__What you need to do__: In the entries that follow, the lines from the one with "General 1920x1080 statue" through the one with "24-7 Moisture Hydrating" are the ones to write out, exactly and with both ends included. Nothing else should appear.

__Records to process__:
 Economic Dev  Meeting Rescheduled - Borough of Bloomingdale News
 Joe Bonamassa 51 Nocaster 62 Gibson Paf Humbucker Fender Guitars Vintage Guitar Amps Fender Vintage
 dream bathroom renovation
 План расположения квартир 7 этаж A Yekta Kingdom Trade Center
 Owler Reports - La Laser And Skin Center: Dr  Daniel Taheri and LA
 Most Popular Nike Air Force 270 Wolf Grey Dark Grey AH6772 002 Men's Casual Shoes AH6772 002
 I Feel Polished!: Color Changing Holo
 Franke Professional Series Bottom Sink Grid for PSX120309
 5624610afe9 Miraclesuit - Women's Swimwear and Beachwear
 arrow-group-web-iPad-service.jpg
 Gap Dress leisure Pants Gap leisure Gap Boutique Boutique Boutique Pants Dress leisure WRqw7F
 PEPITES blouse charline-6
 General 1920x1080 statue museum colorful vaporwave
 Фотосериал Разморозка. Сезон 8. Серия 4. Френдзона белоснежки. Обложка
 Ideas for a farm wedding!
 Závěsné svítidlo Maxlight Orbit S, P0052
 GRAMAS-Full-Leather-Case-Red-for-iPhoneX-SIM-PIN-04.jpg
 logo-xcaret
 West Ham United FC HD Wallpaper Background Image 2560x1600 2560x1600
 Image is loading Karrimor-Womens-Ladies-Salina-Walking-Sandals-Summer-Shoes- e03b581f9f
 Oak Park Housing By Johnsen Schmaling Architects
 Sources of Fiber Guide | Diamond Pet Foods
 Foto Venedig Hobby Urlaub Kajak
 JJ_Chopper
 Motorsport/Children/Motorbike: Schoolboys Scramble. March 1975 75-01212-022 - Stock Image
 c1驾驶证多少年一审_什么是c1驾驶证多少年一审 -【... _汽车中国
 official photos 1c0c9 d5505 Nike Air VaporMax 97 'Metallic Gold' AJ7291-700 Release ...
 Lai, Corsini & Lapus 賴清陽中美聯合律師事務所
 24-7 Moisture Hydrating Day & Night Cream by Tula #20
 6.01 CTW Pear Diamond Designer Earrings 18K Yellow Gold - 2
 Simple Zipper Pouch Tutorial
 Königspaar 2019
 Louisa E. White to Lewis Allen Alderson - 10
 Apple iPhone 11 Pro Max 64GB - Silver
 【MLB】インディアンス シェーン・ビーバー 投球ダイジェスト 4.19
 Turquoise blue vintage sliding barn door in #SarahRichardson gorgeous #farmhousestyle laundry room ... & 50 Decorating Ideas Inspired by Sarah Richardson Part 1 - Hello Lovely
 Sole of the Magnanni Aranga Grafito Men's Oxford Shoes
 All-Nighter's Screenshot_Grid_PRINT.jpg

__Exercise result__:
 General 1920x1080 statue museum colorful vaporwave
 Фотосериал Разморозка. Сезон 8. Серия 4. Френдзона белоснежки. Обложка
 Ideas for a farm wedding!
 Závěsné svítidlo Maxlight Orbit S, P0052
 GRAMAS-Full-Leather-Case-Red-for-iPhoneX-SIM-PIN-04.jpg
 logo-xcaret
 West Ham United FC HD Wallpaper Background Image 2560x1600 2560x1600
 Image is loading Karrimor-Womens-Ladies-Salina-Walking-Sandals-Summer-Shoes- e03b581f9f
 Oak Park Housing By Johnsen Schmaling Architects
 Sources of Fiber Guide | Diamond Pet Foods
 Foto Venedig Hobby Urlaub Kajak
 JJ_Chopper
 Motorsport/Children/Motorbike: Schoolboys Scramble. March 1975 75-01212-022 - Stock Image
 c1驾驶证多少年一审_什么是c1驾驶证多少年一审 -【... _汽车中国
 official photos 1c0c9 d5505 Nike Air VaporMax 97 'Metallic Gold' AJ7291-700 Release ...
 Lai, Corsini & Lapus 賴清陽中美聯合律師事務所
 24-7 Moisture Hydrating Day & Night Cream by Tula #20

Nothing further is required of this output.